GIVEN INFORMATION:

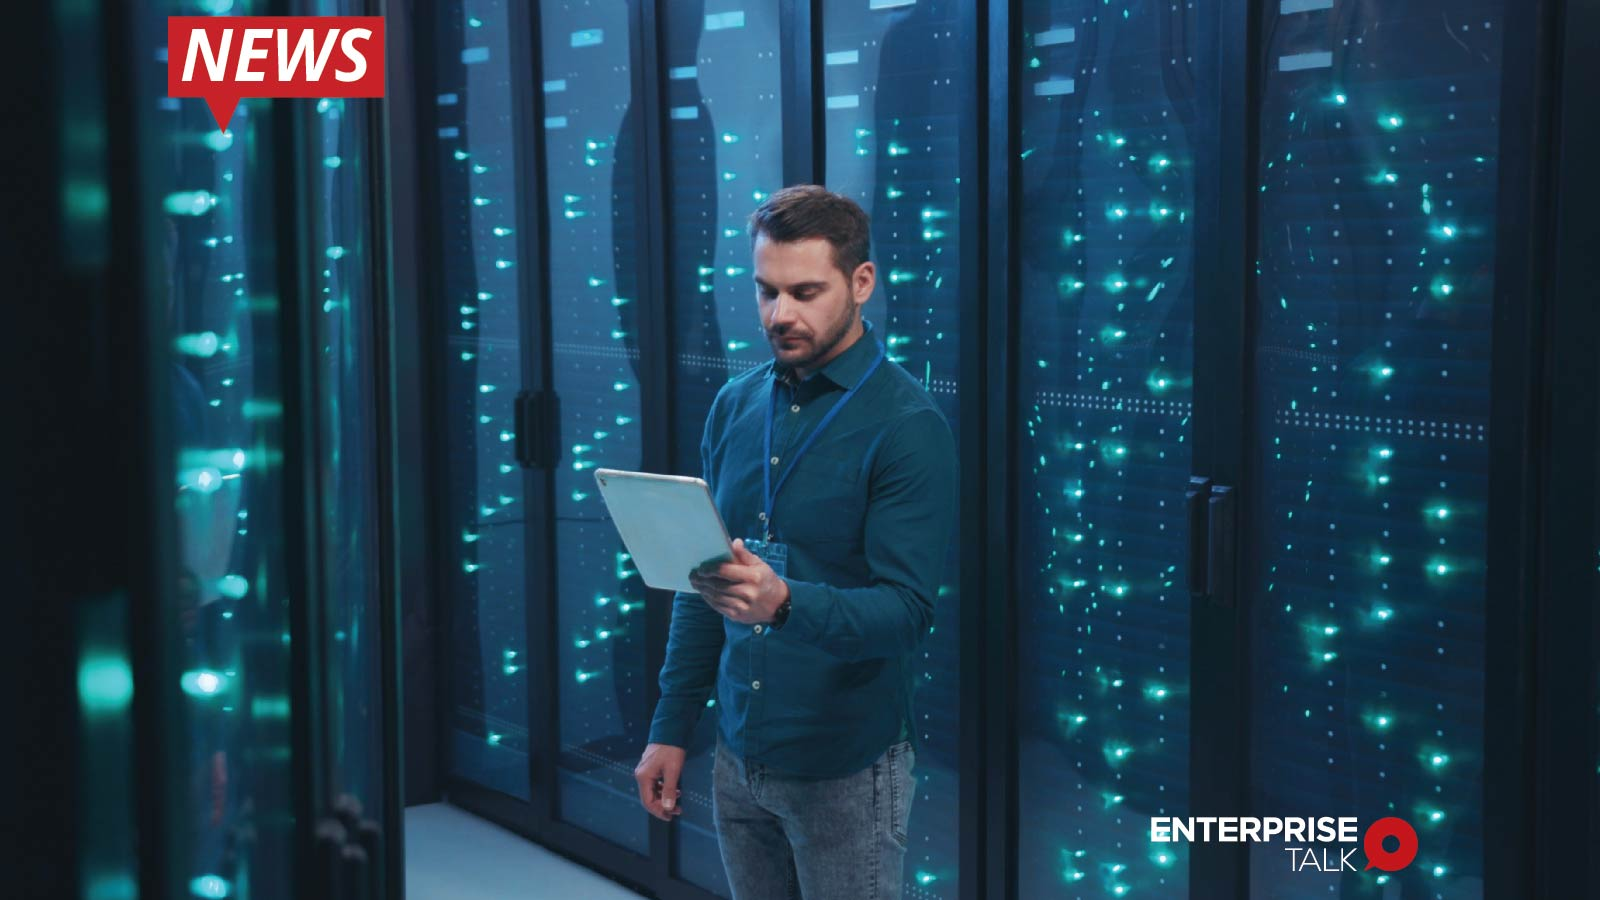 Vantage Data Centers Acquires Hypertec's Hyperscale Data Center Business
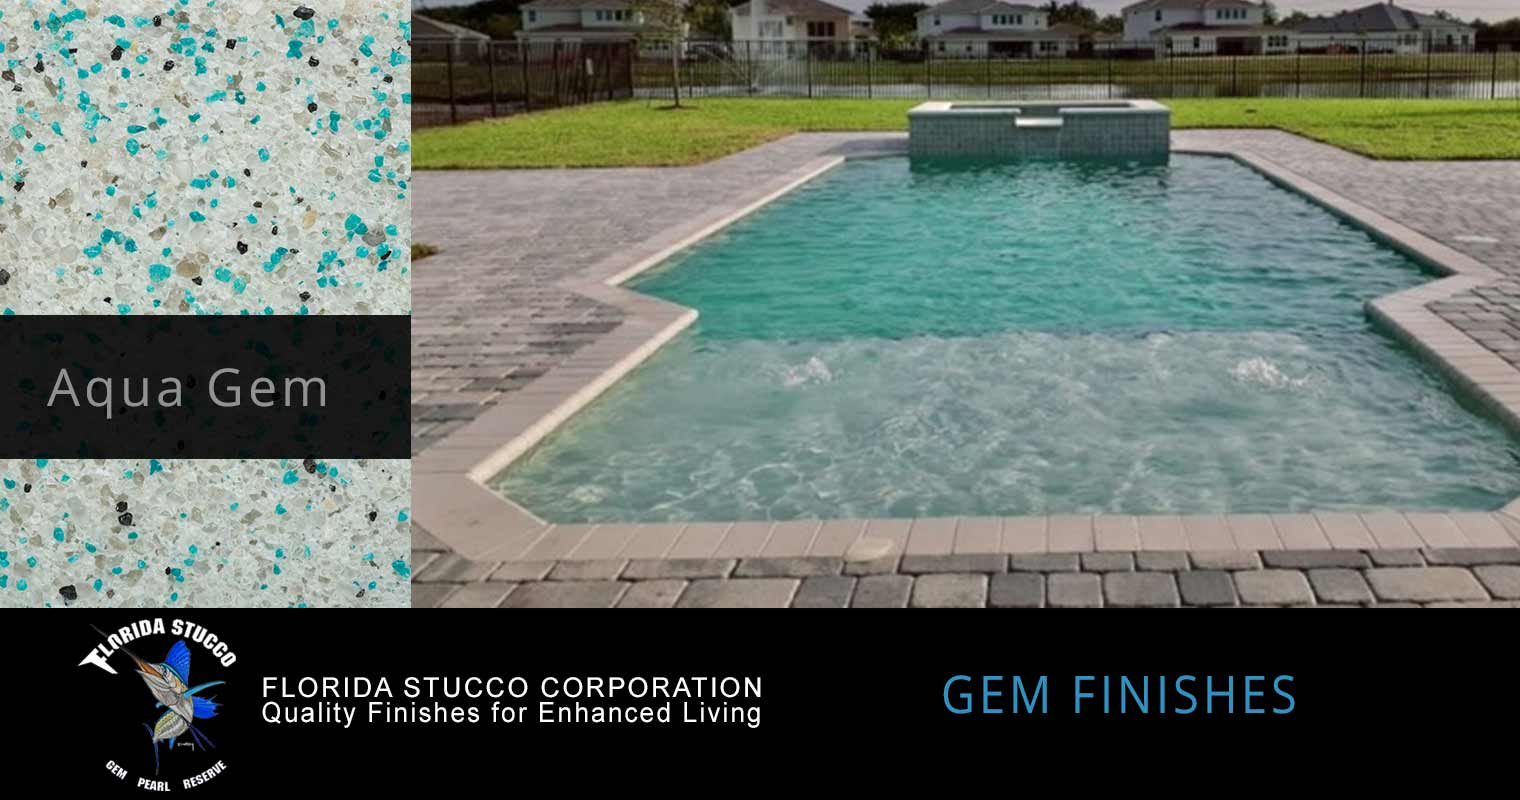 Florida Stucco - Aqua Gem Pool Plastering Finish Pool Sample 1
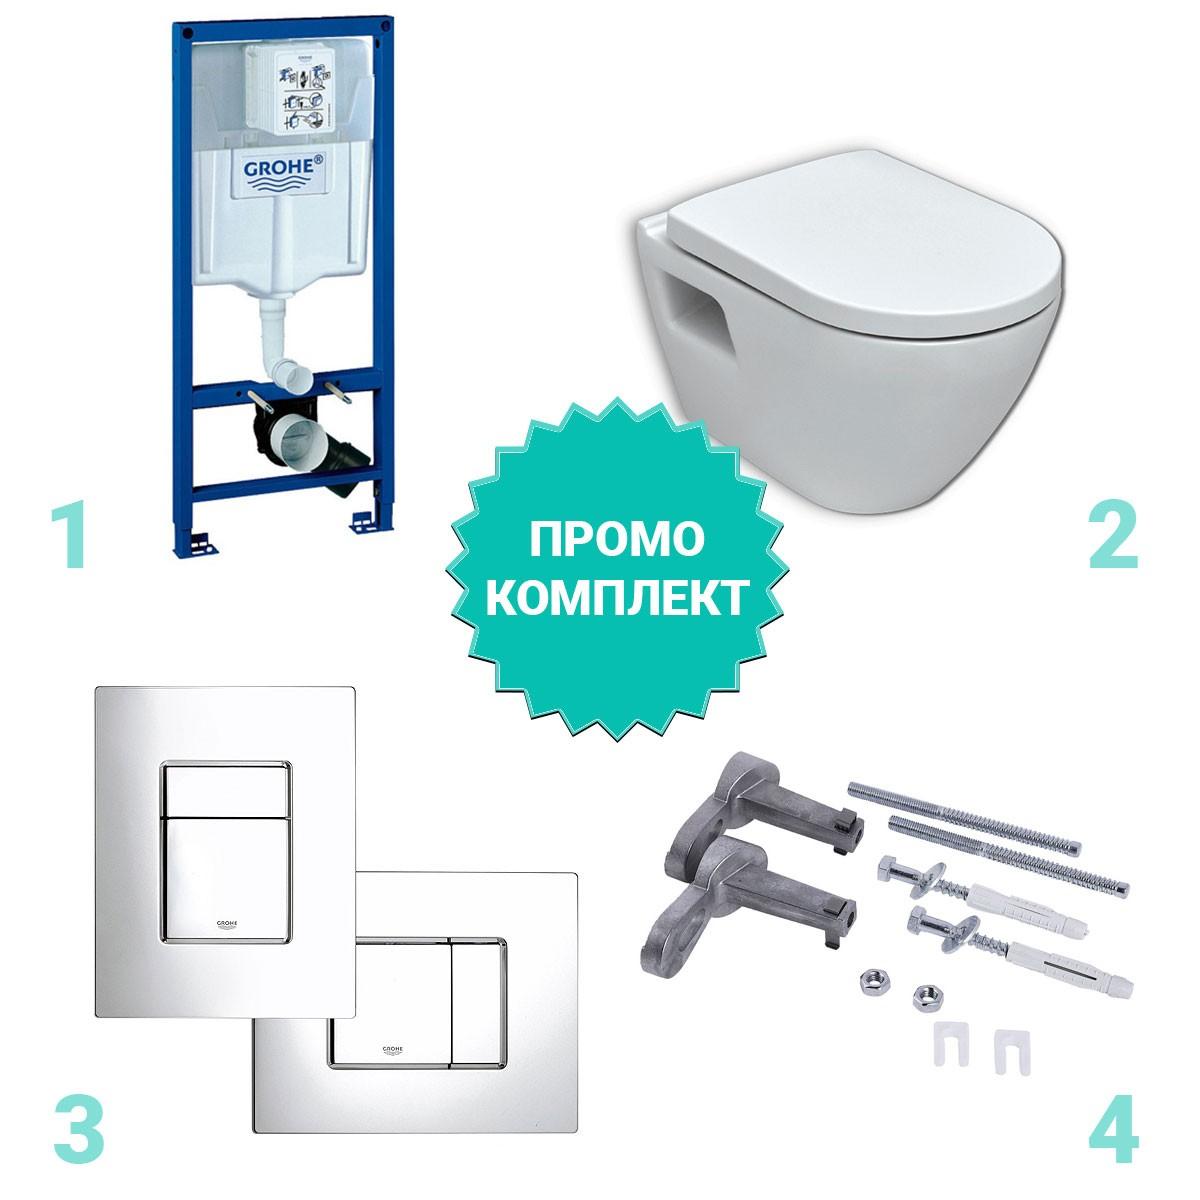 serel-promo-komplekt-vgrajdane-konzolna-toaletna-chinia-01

EXERCISE DIRECTIONS:
None of the pictures belong in the copy. Write out exactly the lines from the line that holds "Florida Stucco - Aqua" through the last line of the listing above, both ends included.

ANSWER BELOW:
 Florida Stucco - Aqua Gem Pool Plastering Finish Pool Sample 1
 serel-promo-komplekt-vgrajdane-konzolna-toaletna-chinia-01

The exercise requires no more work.